The critical movement generally known as deconstruction centred on the instability and protean ambiguity of language. It owed its origins in part to the linguistic and other work of French philosophers and critics such as Ferdinand de Saussure, Michel Foucault, andJacques Derrida. Some of the earliest practitioners and devotees of the method in the United States were Geoffrey Hartmann, J. Hillis Miller, and Paul de Man, all of Yale University. Deconstruction stressed the extent to which “meaning” and “authorial intention” are virtually impossible to fix precisely. Translation and paraphrase are exercises in approximation at best. The implications of deconstruction for Shakespeare criticism have to do with language and its protean flexibility of meanings. Patricia Parker’s Shakespeare from the Margins: Language, Culture, Context (1996), for example, offers many brilliant demonstrations of this, one of which is her study of the word preposterous, a word she finds throughout the plays.
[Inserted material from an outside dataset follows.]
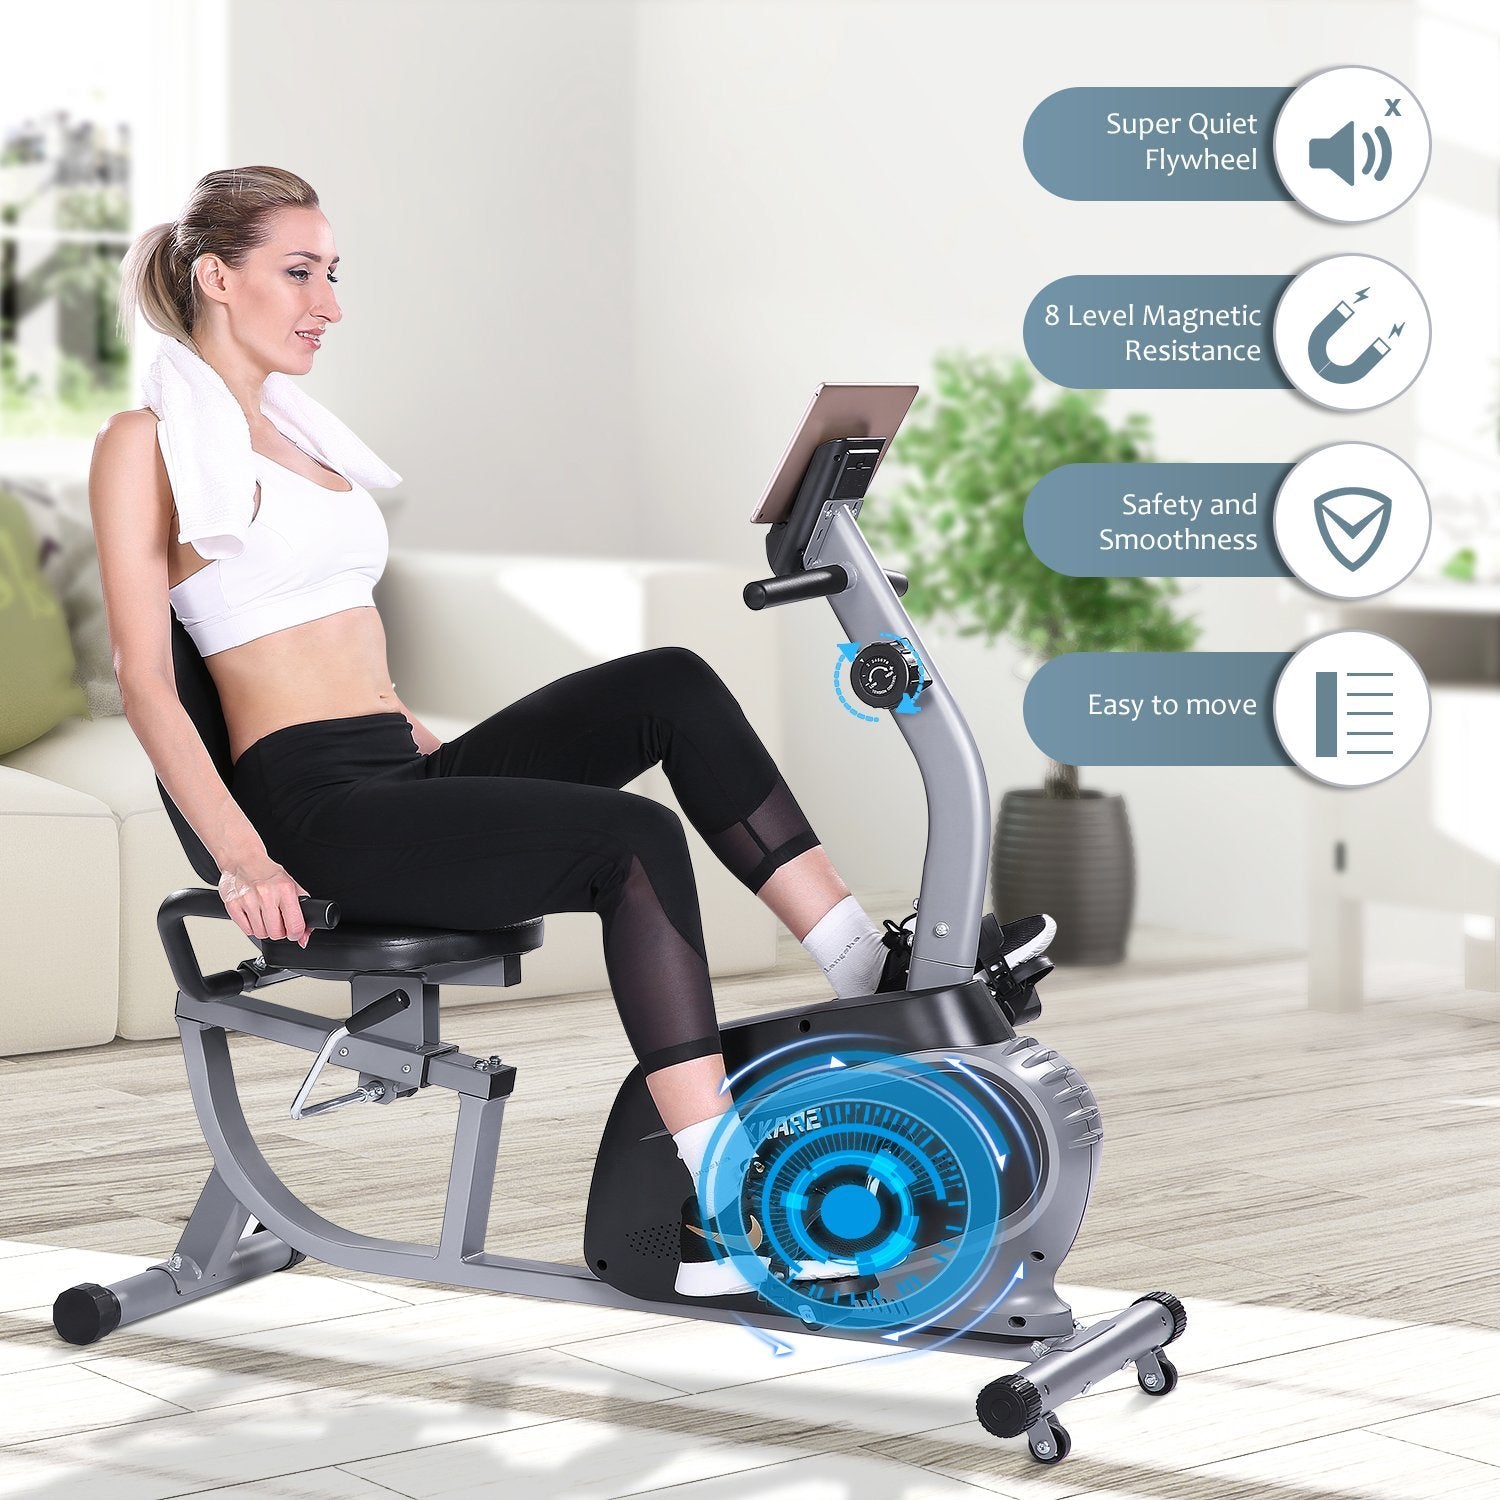 Load image into Gallery viewer, MaxKare Recumbent Exercise Bike Indoor Cycling Stationary Bike with Adjustable Seat and Resistance, Pulse Monitor/Phone Holder (Seat Height Adjustment by Lever) - NAIPO
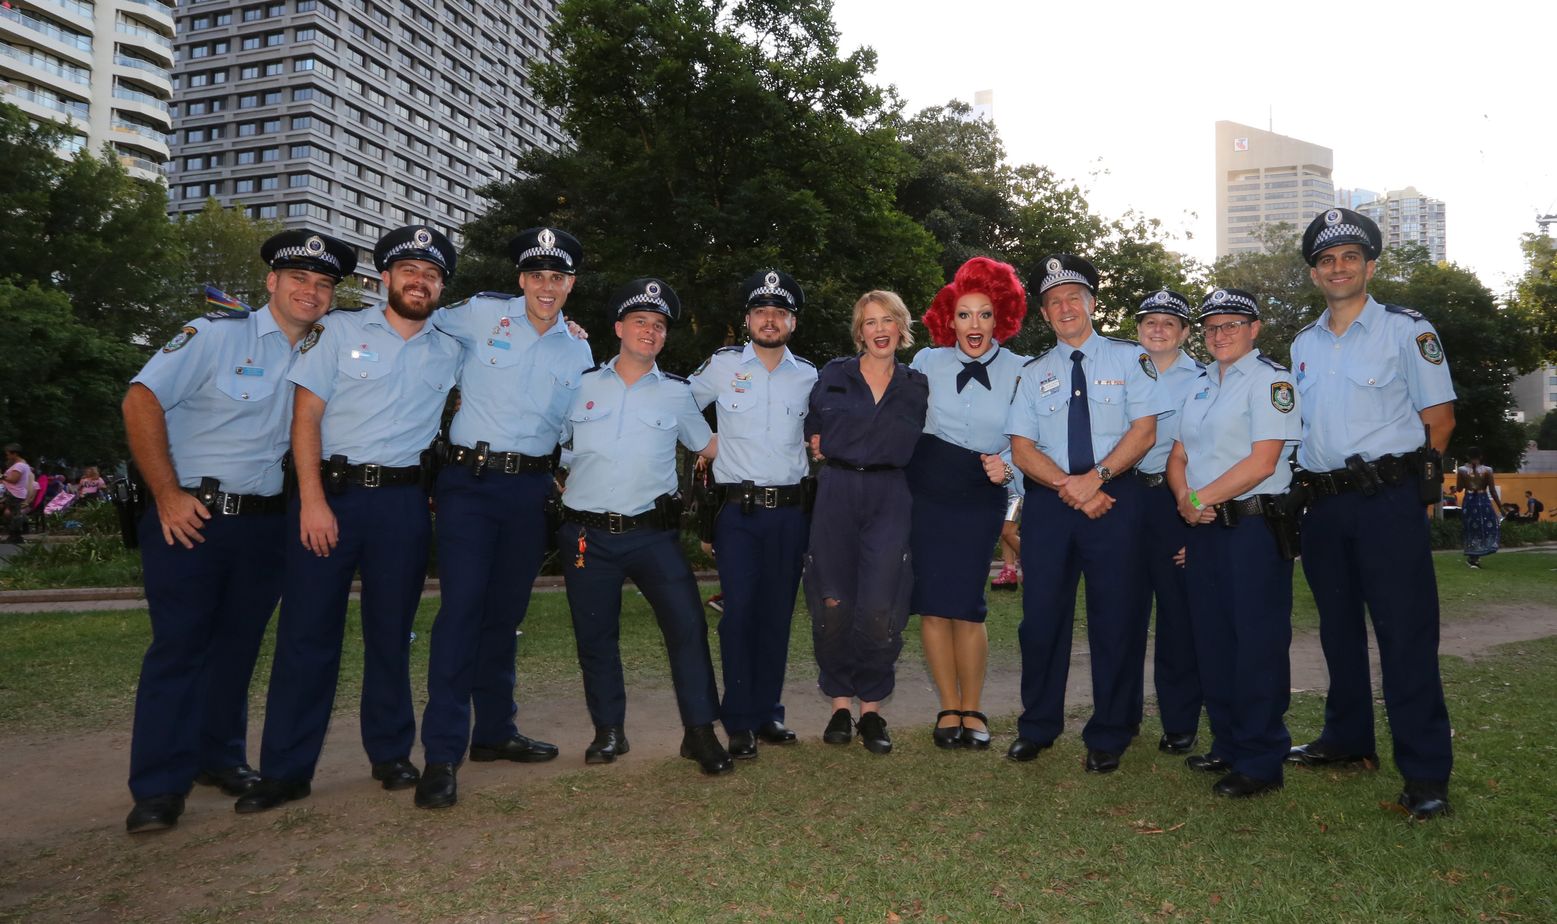 ‘When I look at our recruits I don’t see discrimination’: NSW Police Assistant Commissioner

It means literally behind for before, back for front, second for first, end or sequelfor beginning. It suggests the cart before the horse, the last first, and “arsie versie,” with obscene overtones. It is thus a term for disorder in discourse, in sexual relationships, in rights of inheritance, and much more. Deconstruction as a philosophical and critical movement aroused a good deal of animosity because it questioned the fixity of meaning in language. At the same time, however, deconstruction attuned readers to verbal niceties, to layers of meaning, to nuance. Late 20th-century and early 21st-century scholars were often revolutionary in their criticism of Shakespeare. To readers the result frequently appeared overly postmodern and trendy, presenting Shakespeare as a contemporary at the expense of more traditional values of tragic intensity, comic delight, and pure insight into the human condition. No doubt some of this criticism, as well as some older criticism, was too obscure and ideologically driven. Yet deconstructionists and feminists, for example, at their best portray a Shakespeare of enduring greatness. His durability is demonstrable in the very fact that so much modern criticism, despite its mistrust of canonical texts written by “dead white European males,” turns to the eyes of many feminist critics, he portrays women with the kind of fullness and depth found in authors such as Virginia Woolf and George Eliot.

CONCLUSION

In this paper we found that Shakespeare’s most primitive catastrophe is a play renowned for its spear and spectacular aggression. Titus Andronicus Lavinia is the demonstration of the play, and her demonstration is created only during the terminology of the other characters.

REFERENCES

  • Bloom, H. (1999) Shakespeare: The Invention of the Human. New York: Riverhead Books.
  • Bermel, A. (2000) Shakespeare at the Moment: Playing the Comedies: Portsmouth, New Hampshire: Heinemann
  • Burnett, M. (ed.) (1994) New Essays on Hamlet. New York: AMS Press.